* _DATA BELOW_:
^^^^^^^^

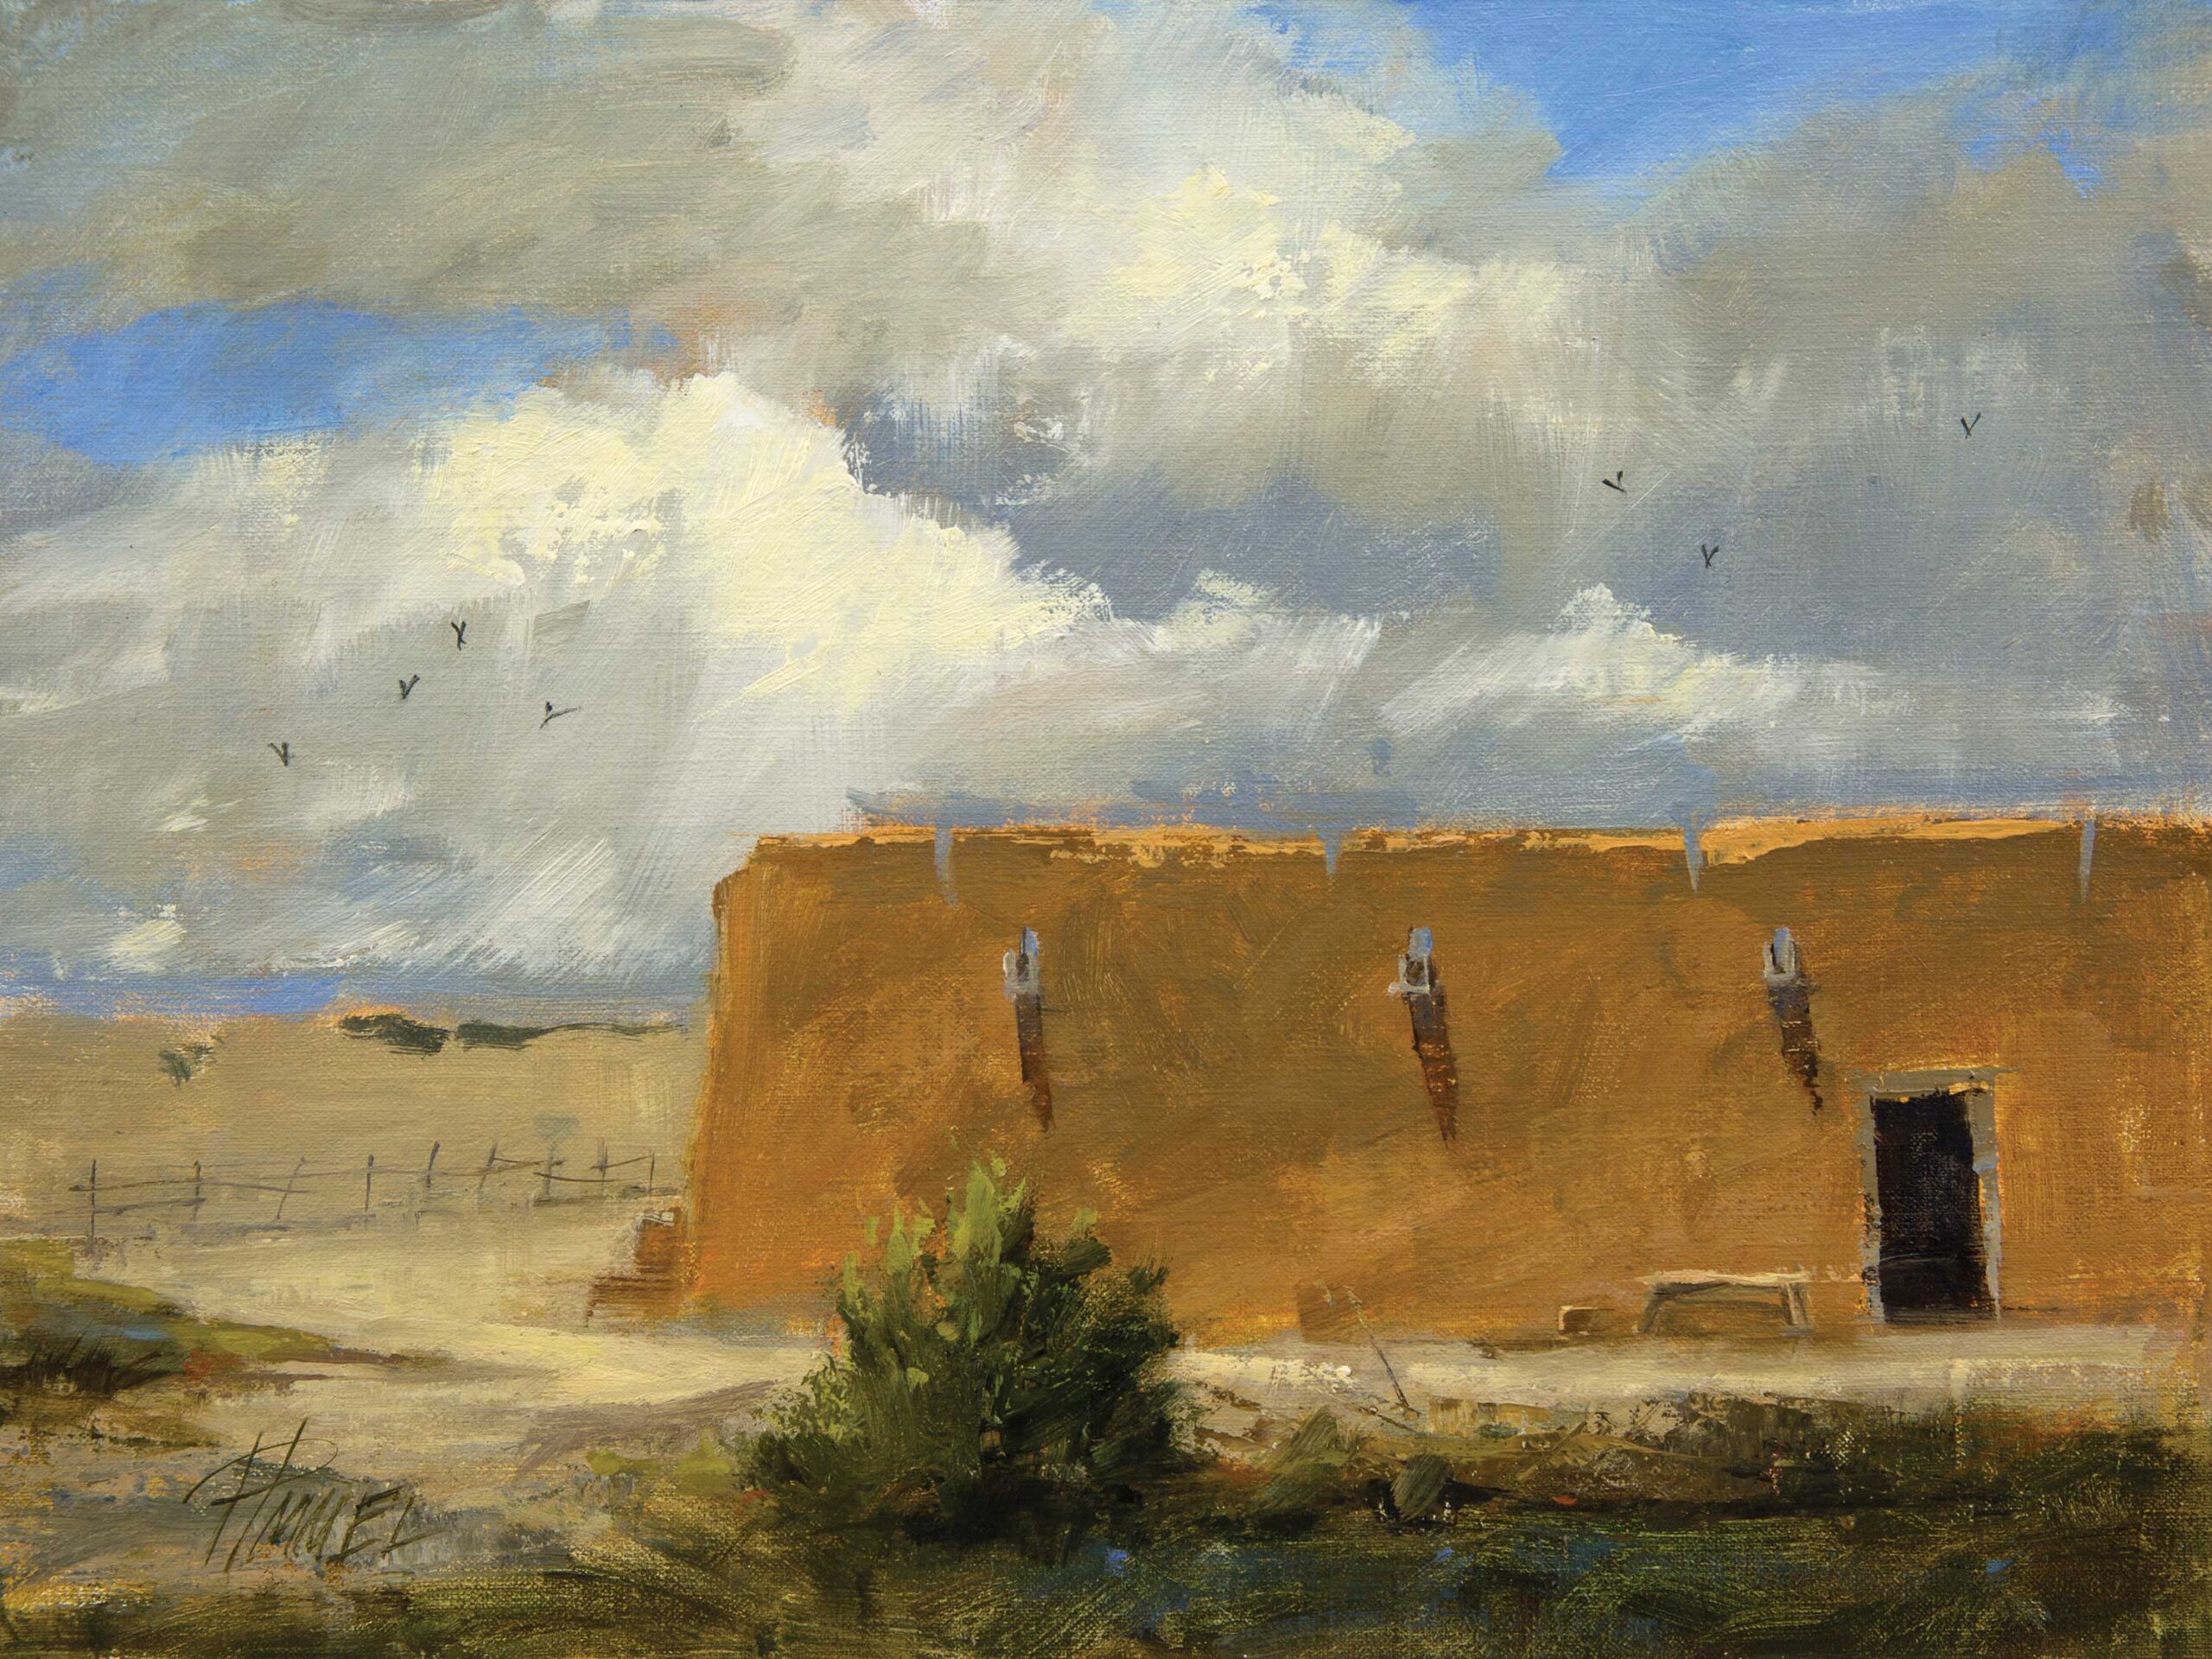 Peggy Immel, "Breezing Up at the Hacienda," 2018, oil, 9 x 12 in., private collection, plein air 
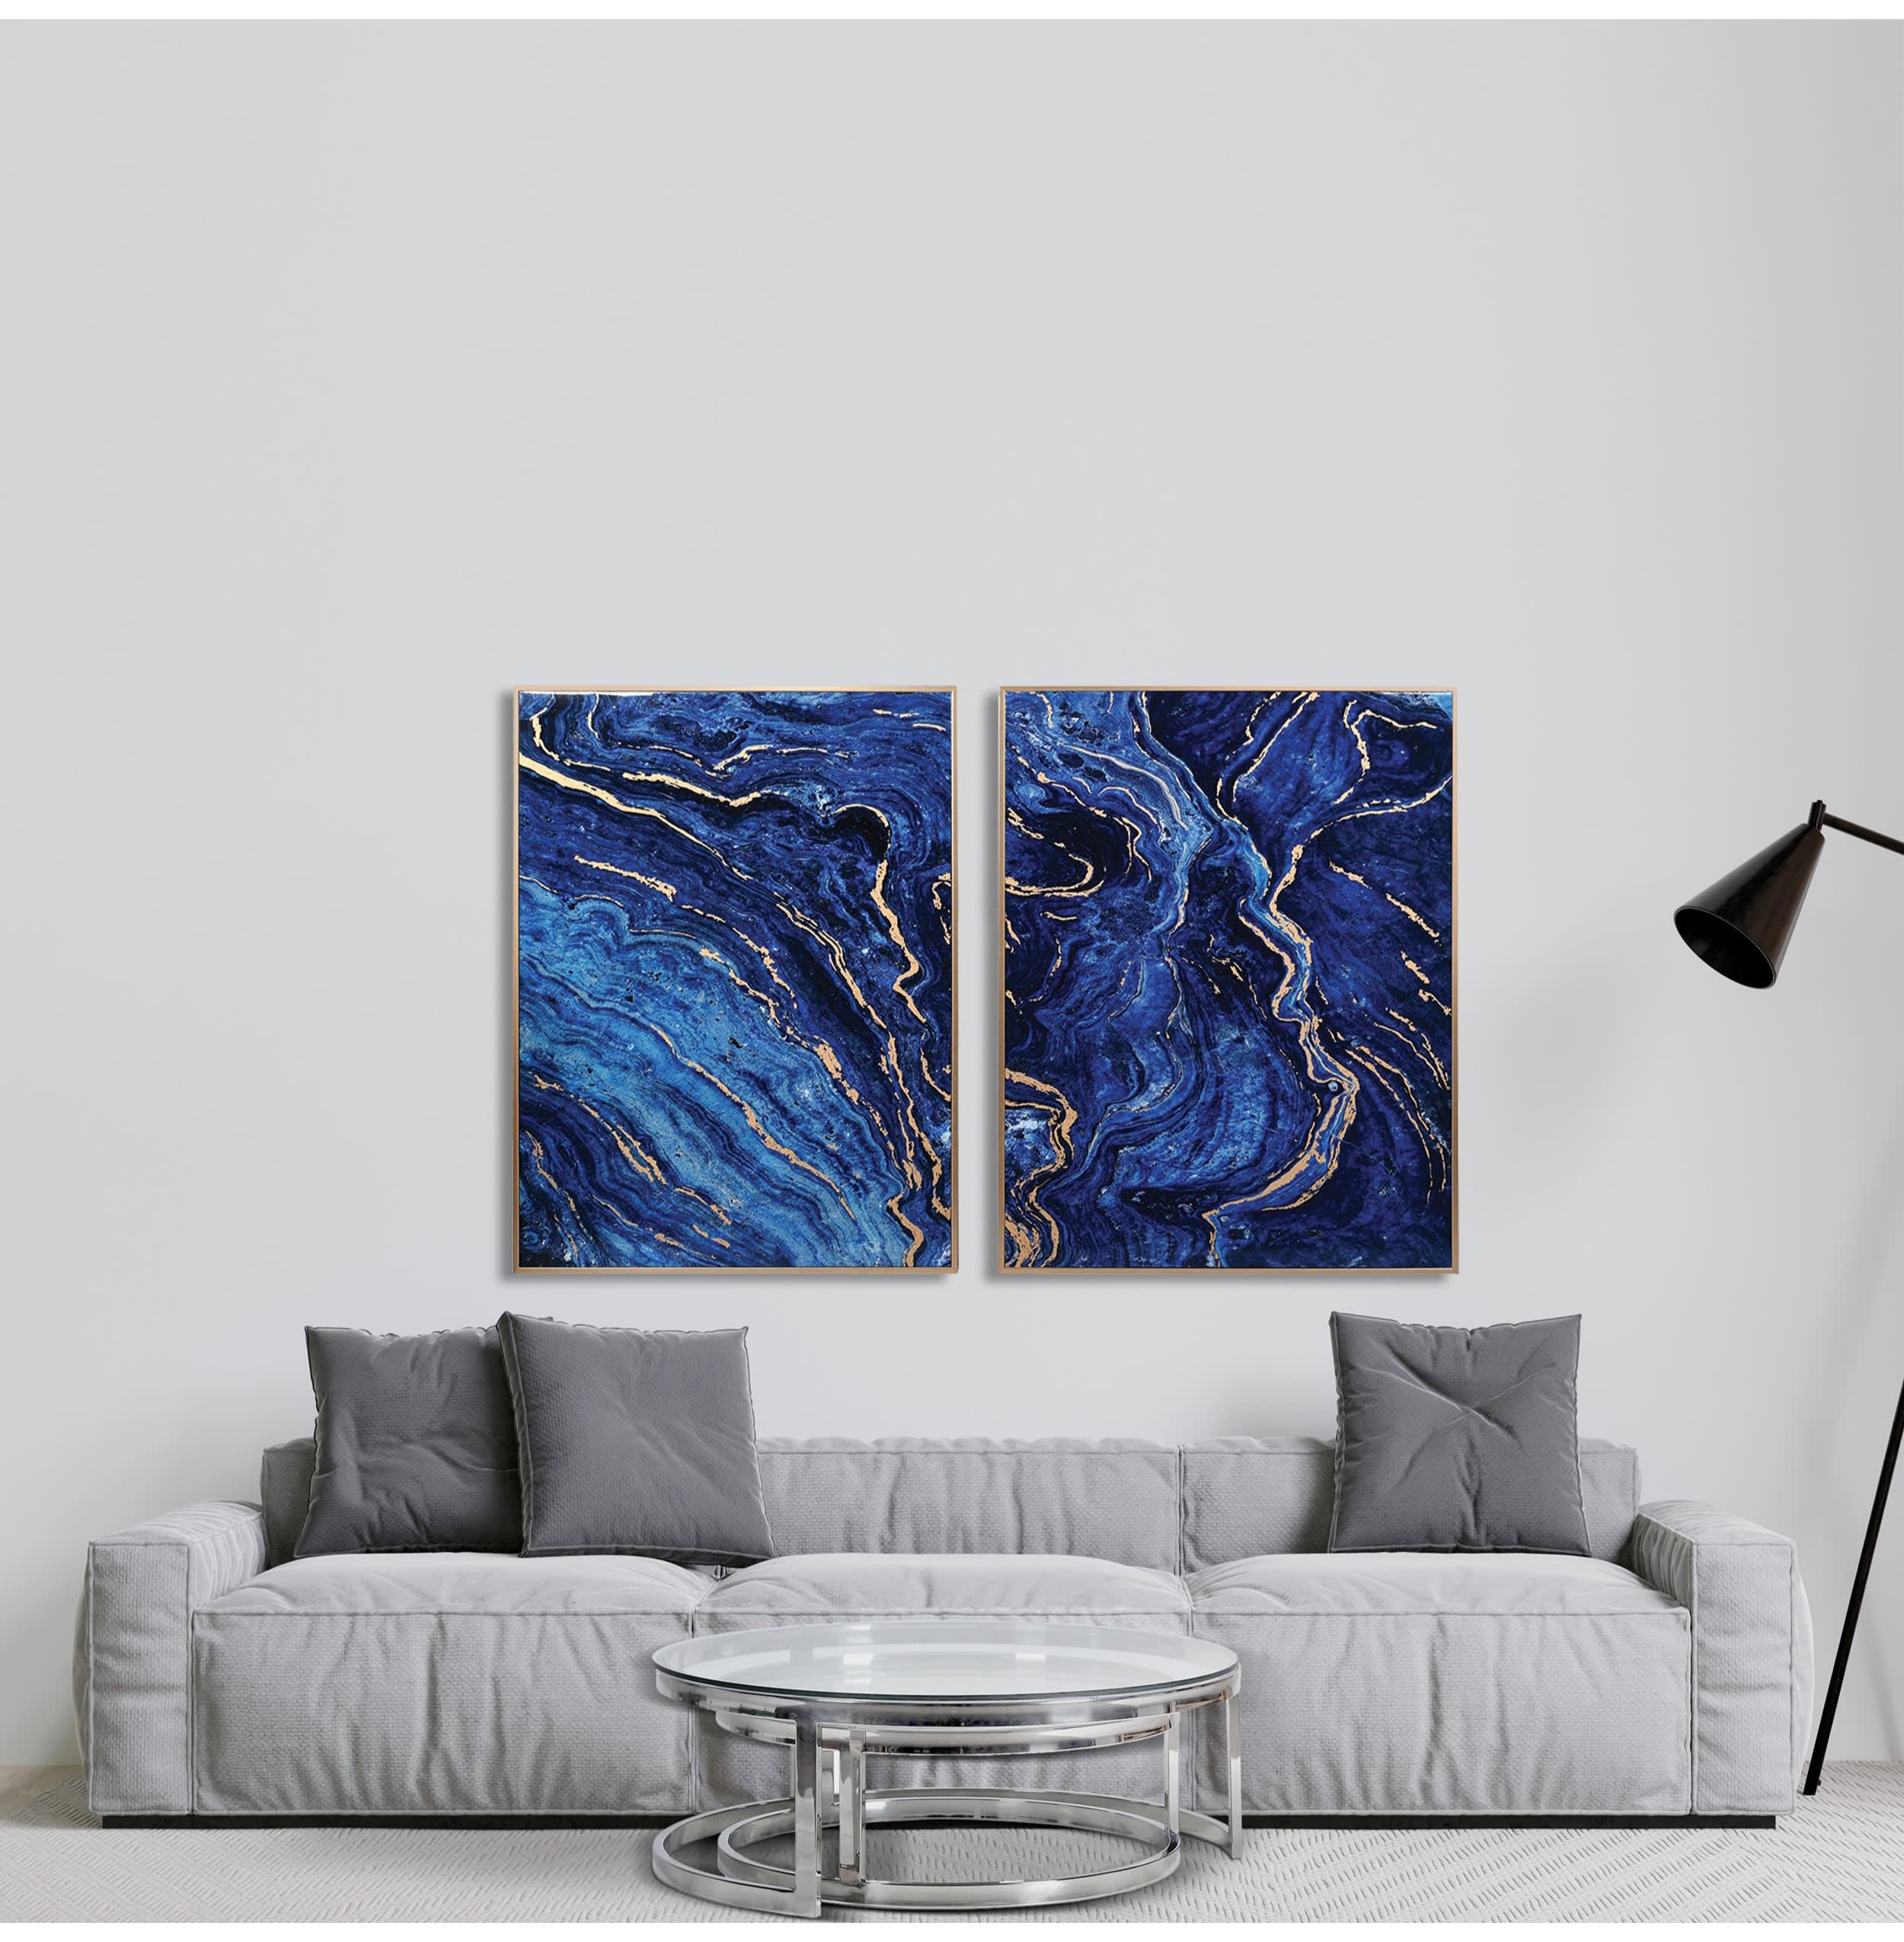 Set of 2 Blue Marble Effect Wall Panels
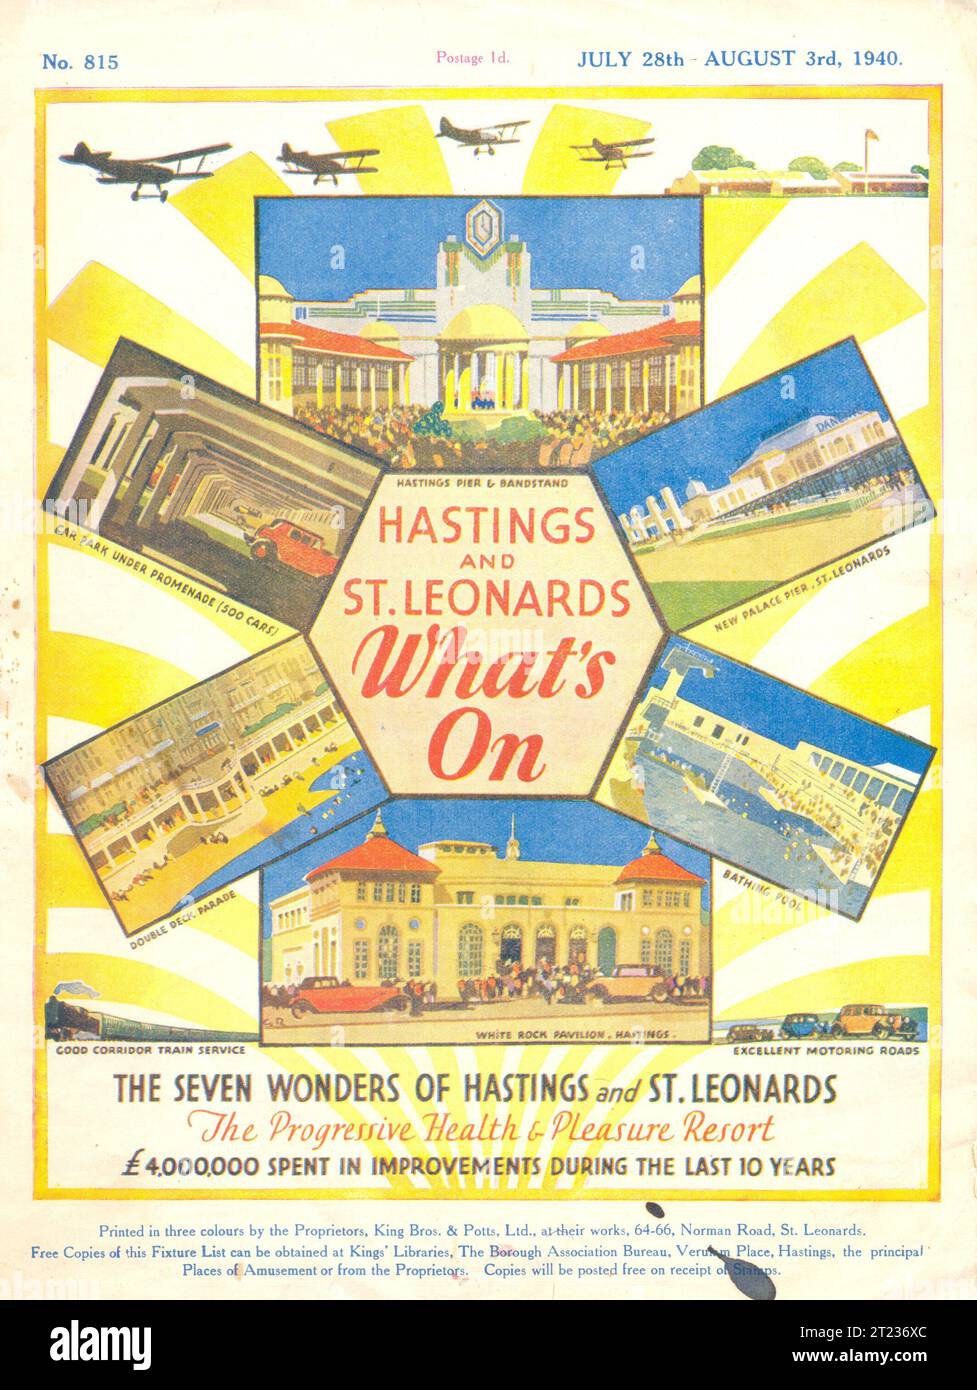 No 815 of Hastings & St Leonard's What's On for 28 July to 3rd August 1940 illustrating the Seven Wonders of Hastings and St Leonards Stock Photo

^^^^^^^^

* _EXERCISE PROMPT_: Repeat the material exactly, without images.

* _WRITTEN SOLUTION_:
 Peggy Immel, "Breezing Up at the Hacienda," 2018, oil, 9 x 12 in., private collection, plein air 
 Set of 2 Blue Marble Effect Wall Panels
 No 815 of Hastings & St Leonard's What's On for 28 July to 3rd August 1940 illustrating the Seven Wonders of Hastings and St Leonards Stock Photo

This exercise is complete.